Row over whether Pope called Gaza situation ‘genocide’

Published November 23, 2023
Pope Francis speaks with a Palestinian who currently has family living in Gaza.—AFP
Pope Francis speaks with a Palestinian who currently has family living in Gaza.—AFP

VATICAN CITY: A messy dispute broke out on Wednesday over whether Pope Francis used the word “genocide” to describe events in Gaza, with Palestinians who met with him insisting that he did and the Vatican saying he did not.

The opposing versions emerged at an afternoon press conference with 10 Palestinians who met the pope on Wednesday morning at his Vatican residence. That meeting followed a separate one with Israeli relatives of prisoners in Gaza.

“When we shared the stories of the families that have been killed (in Gaza) he mentioned ‘I see the genocide’,” said Shireen Awwad Hilal, who teaches at the Bethlehem Bible College. “It was very clear, the word genocide did not come from us. It came from His Holiness, Pope Francis,” she said.

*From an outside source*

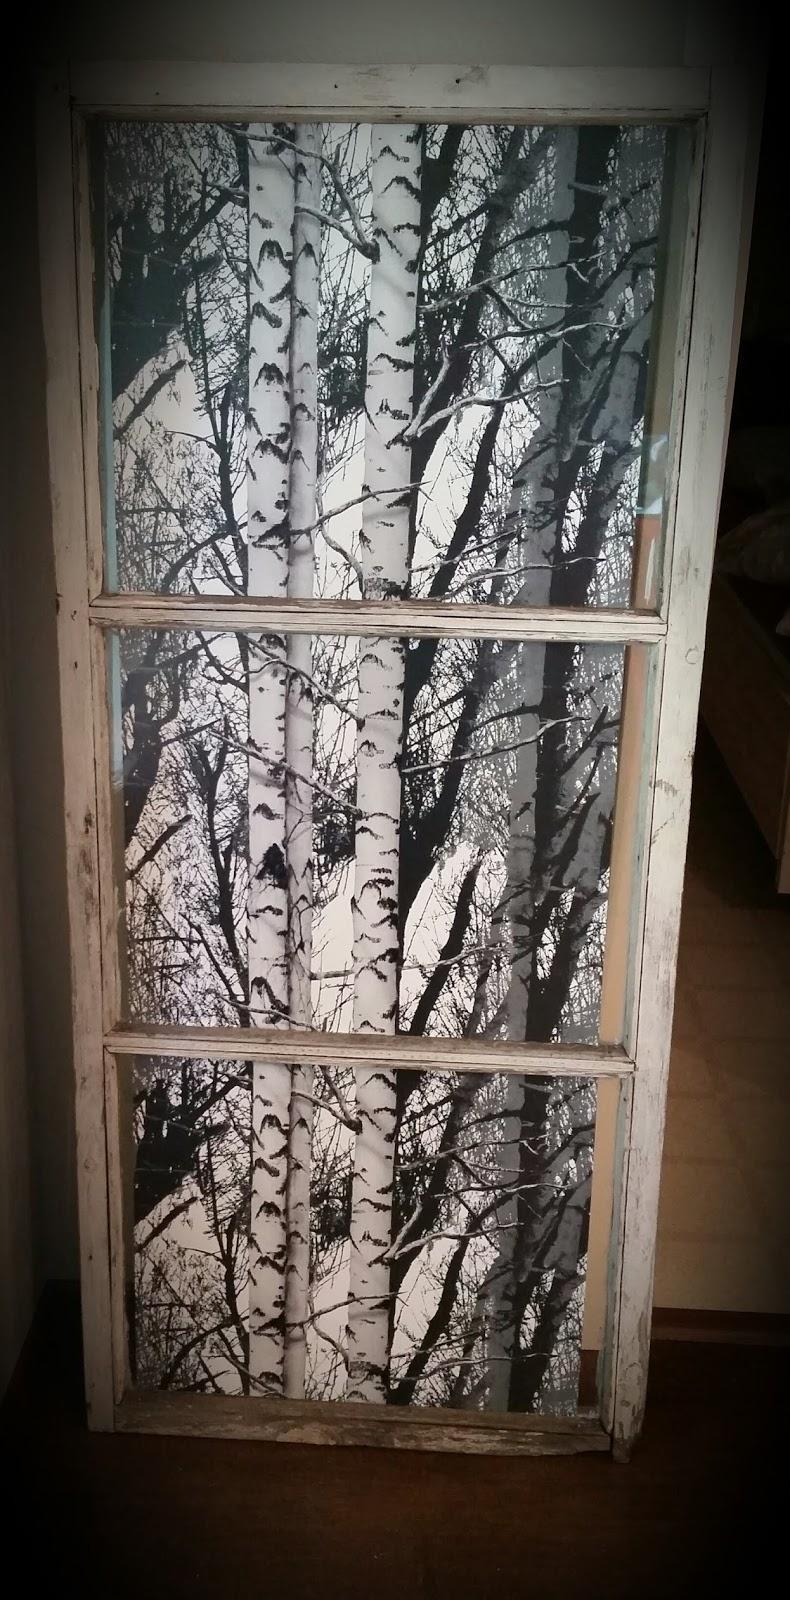 puuta ja puuliimaa ikkunapokat ja dc fix. Black Bedroom Furniture Sets. Home Design Ideas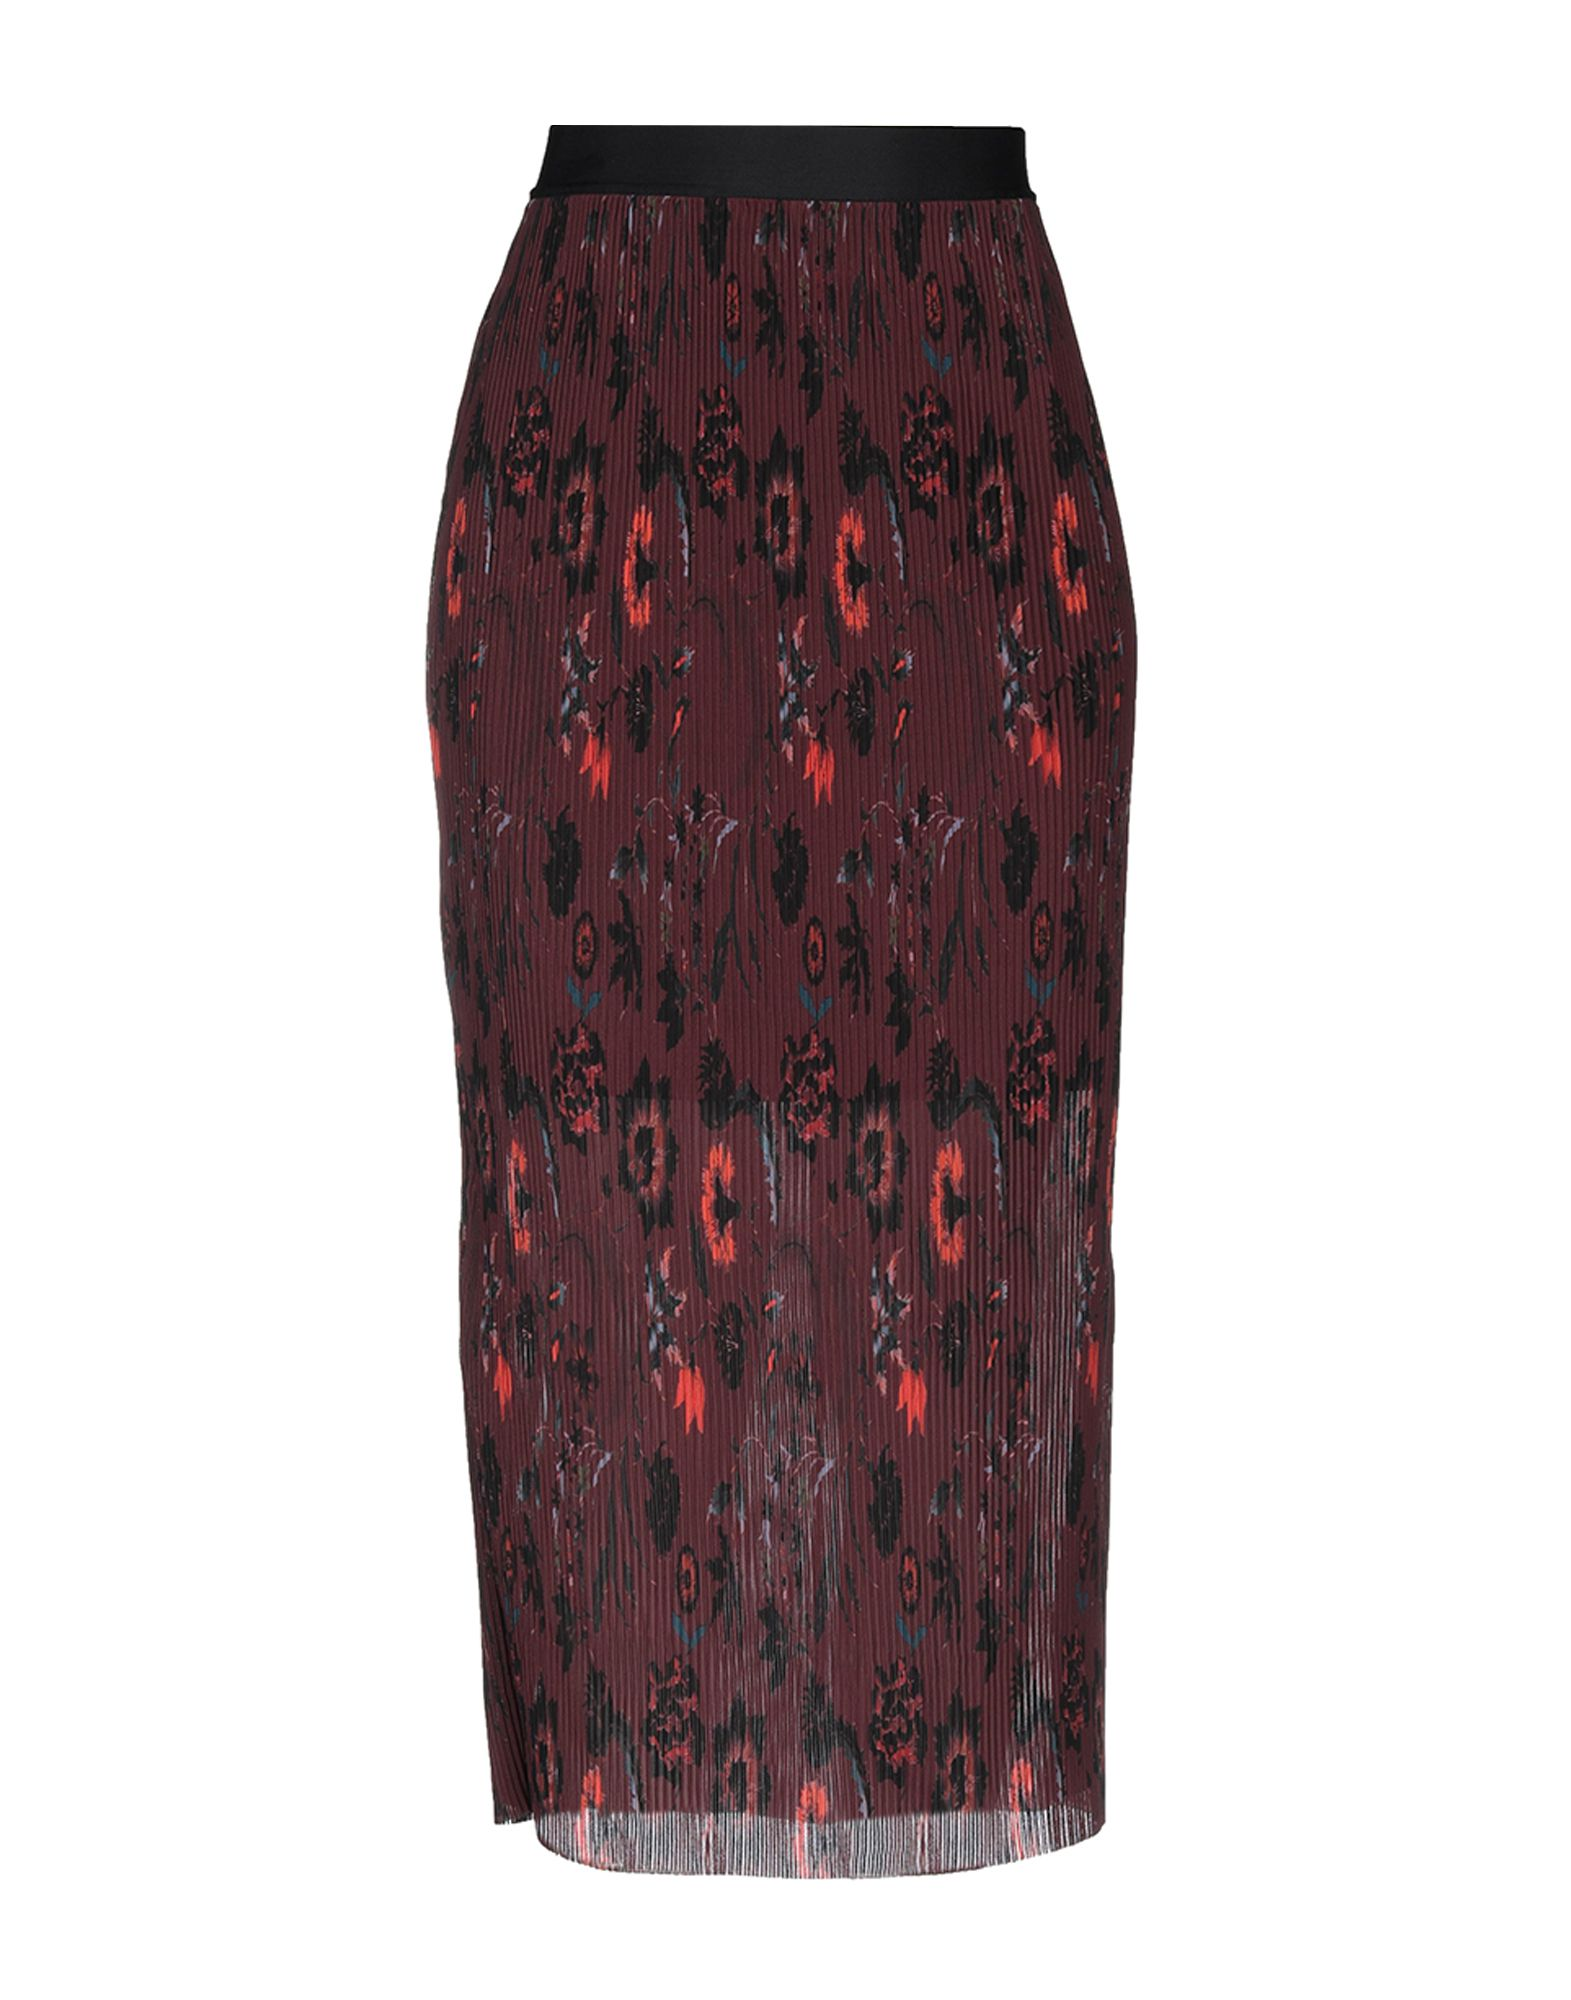 SANDRO Длинная юбка sandro джинсовая юбка с декоративной шнуровкой page 3

But a statement sent by Vatican spokesman Matteo Bruni, in response to question texted by a reporter, said the opposite. “I am not aware that he (the pope) used such a word. He used terms that he expressed during the general audience and words that in any case represent the terrible situation that is being lived out in Gaza,” Bruni’s statement said.

Other participants at the Palestinian news conference concurred that they had heard the pope use the word genocide.

“We were all there. We heard it and no one has a hearing problem,” Hilal said when pressed by reporters.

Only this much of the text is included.